In Table 8b the generalisation error obtained for the different optimisation methods is shown. It can be seen that GS, GS-MFD and GS-SQP provide solutions which outperform R-MFD and R-SQP. It can also be seen that even though GS-MFD and GS-SQP provide condensed log likelihood values which are higher than the one for GS, the generalisation error is not necessarily improved.

Table 9a shows that, for wing tip rotation, the GS-MFD and GS-SQP out perform the other evaluated methods, which is reflected in the generalisation error, Table 9b. Similarly to the wing tip displacement, the golden search optimisation method shows lower resulting generalisation error than the R-MFD and R-SQP.

11 Conclusions

In this work an approach was suggested for efficient hyper parameter optimisation for building well conditioned gradient enhanced kriging metamodels. The approach consists of two steps, a one dimensional line search where all hyper-parameters are treated as one variable, and a gradient based optimisation starting from the solution of the initial line search. In order to ensure a suitable condition number of the correlation matrix, an upper bound constraint was enforced. Partial derivatives of the condition number with respect to the correlation matrix was derived in order to use this constraint in the gradient based optimisation approach. Both the method of feasible directions and sequential quadratic programming was evaluated within the approach.

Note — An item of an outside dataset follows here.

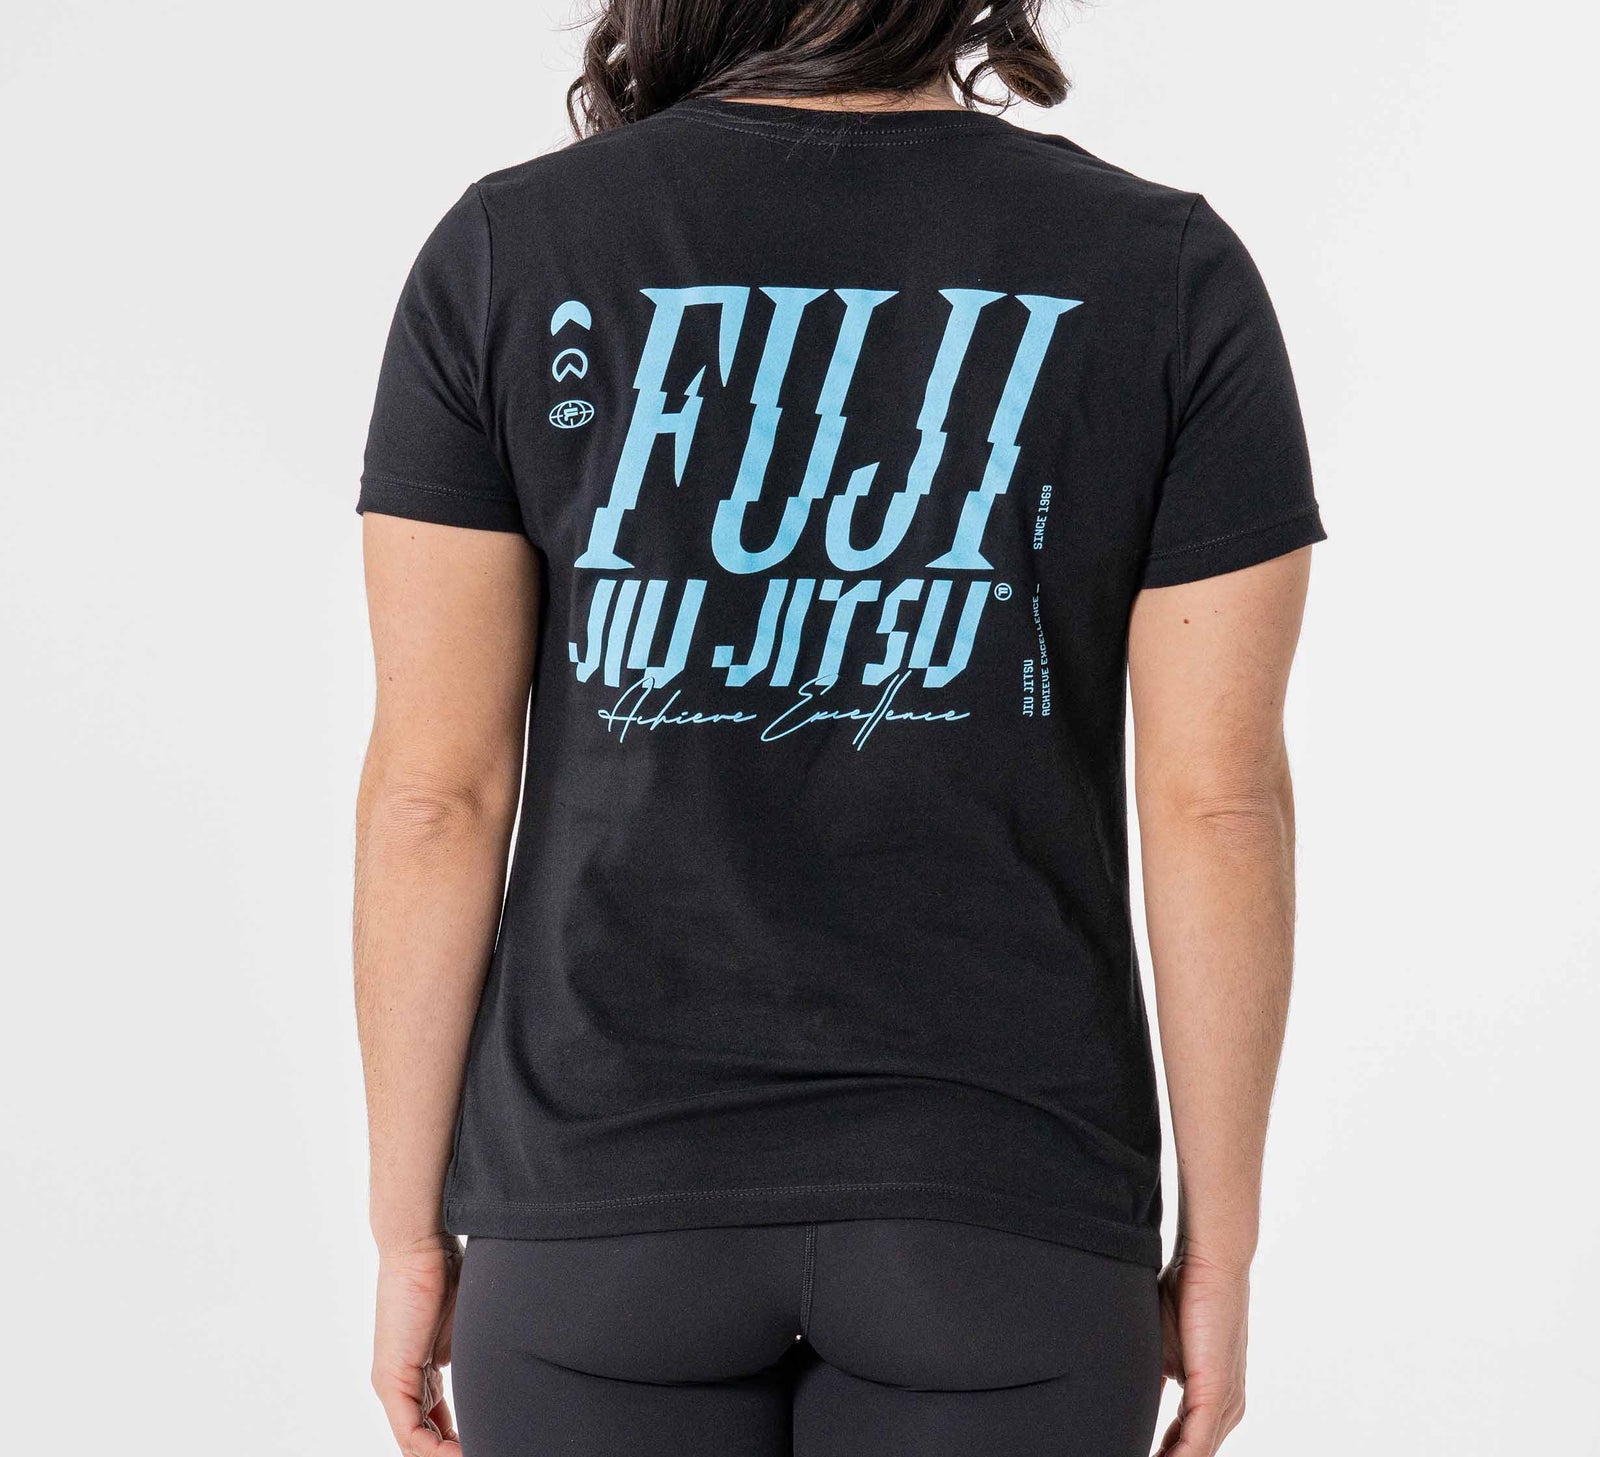 Womens Jiu Jitsu Fusion T-Shirt Black

The approach was compared to random start point gradient based algorithms, multiple start point gradient based algorithms and a genetic algorithm followed by gradient based algorithms from promising points. It was shown that the approach outperforms random start-point and multi-start gradient based algorithms in terms of both computational performance and quality of solutions. The comparative study shows the SQP to be the better choice of algorithm within the approach as it provides slightly higher condensed log-likelihood values than the MFD for a similar time to build.

The proposed approach, using both the SQP and MFD, was compared to a selection of the other optimisation approaches using an aircraft wing model comprising of 126 thickness design variables. The GS-SQP consistently provides the highest condensed log likelihood value closely followed by the GS-MFD.

In some case it was shown that a big improvement in log likelihood did not necessarily translate to an improvement in generalisation error. This was particularly apparent for the wing tip displacement metamodels where the GS-SQP provided a higher condensed log likelihood than the GS case but the generalisation error was of comparable magnitude.

A possible limitation of the proposed strategy may be the assumption made when finding the starting point, that the optimum lies close to the hyper diagonal of the hyper parameter space. If this assumption is not correct for a given problem then the efficiency of the proposed strategy may be reduced. However this was not shown in the scalable polynomial example which was chosen for it’s varying non-linearity between design variables.